Papanicolaou Test Use Among Reproductive-Age Women at High Risk for Cervical Cancer: Analyses of the 1995 National Survey of Family Growth

Maria Hewitt 1, Susan Devesa 1, Nancy Breen 1
PMCID: PMC1447134  PMID: 11919069

Abstract

Objectives. This study assessed the relationship between risk factors for cervical cancer and Papanicolaou (Pap) test use within the past year among reproductive-age women.

Methods. The 1995 National Survey of Family Growth, a demographic and reproductive health survey of 10 847 women aged 15 to 44, was analyzed with multiple logistic regression.

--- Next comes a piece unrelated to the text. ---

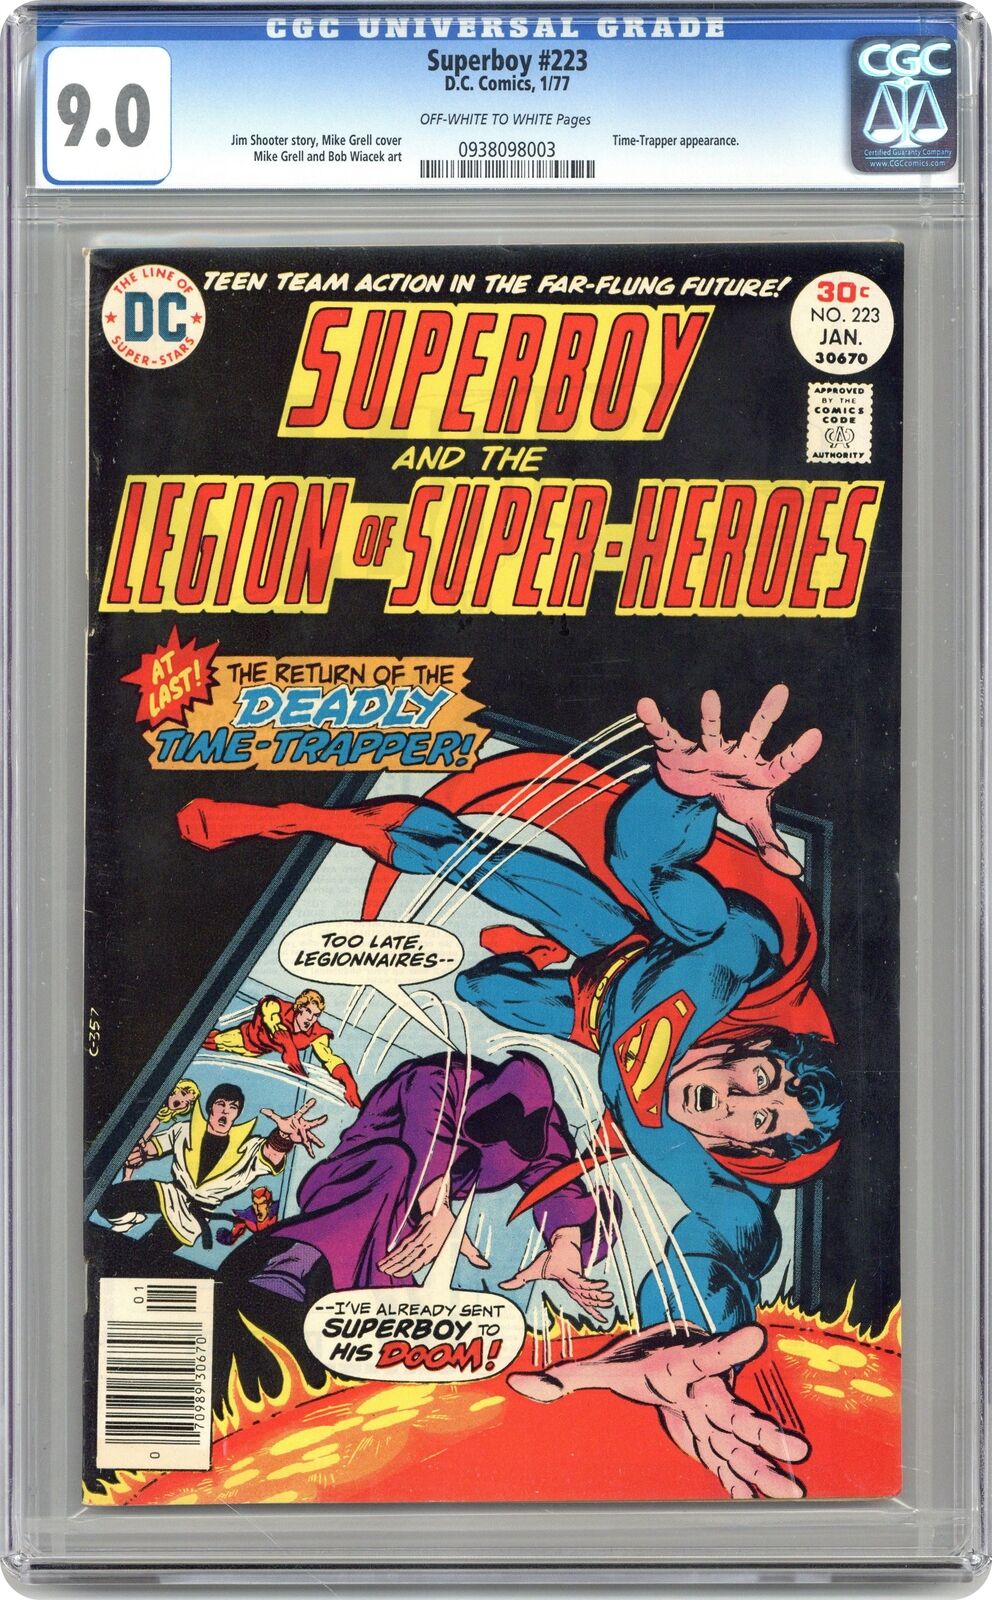 Superboy #223 CGC 9.0 1977 0938098003

Results. Of the women, 62% reported having had a Pap test within the past year. Use was significantly higher among women with risk factors and among African American women. Use was significantly lower among uninsured, poor, and foreign-born women and among women with lower educational attainment and of “other” race/ethnicity.

Conclusions. Strategies to improve Pap test use include (1) educational campaigns that inform women of cervical cancer risk factors and encourage screening and (2) increased support for programs that expand access to Pap tests.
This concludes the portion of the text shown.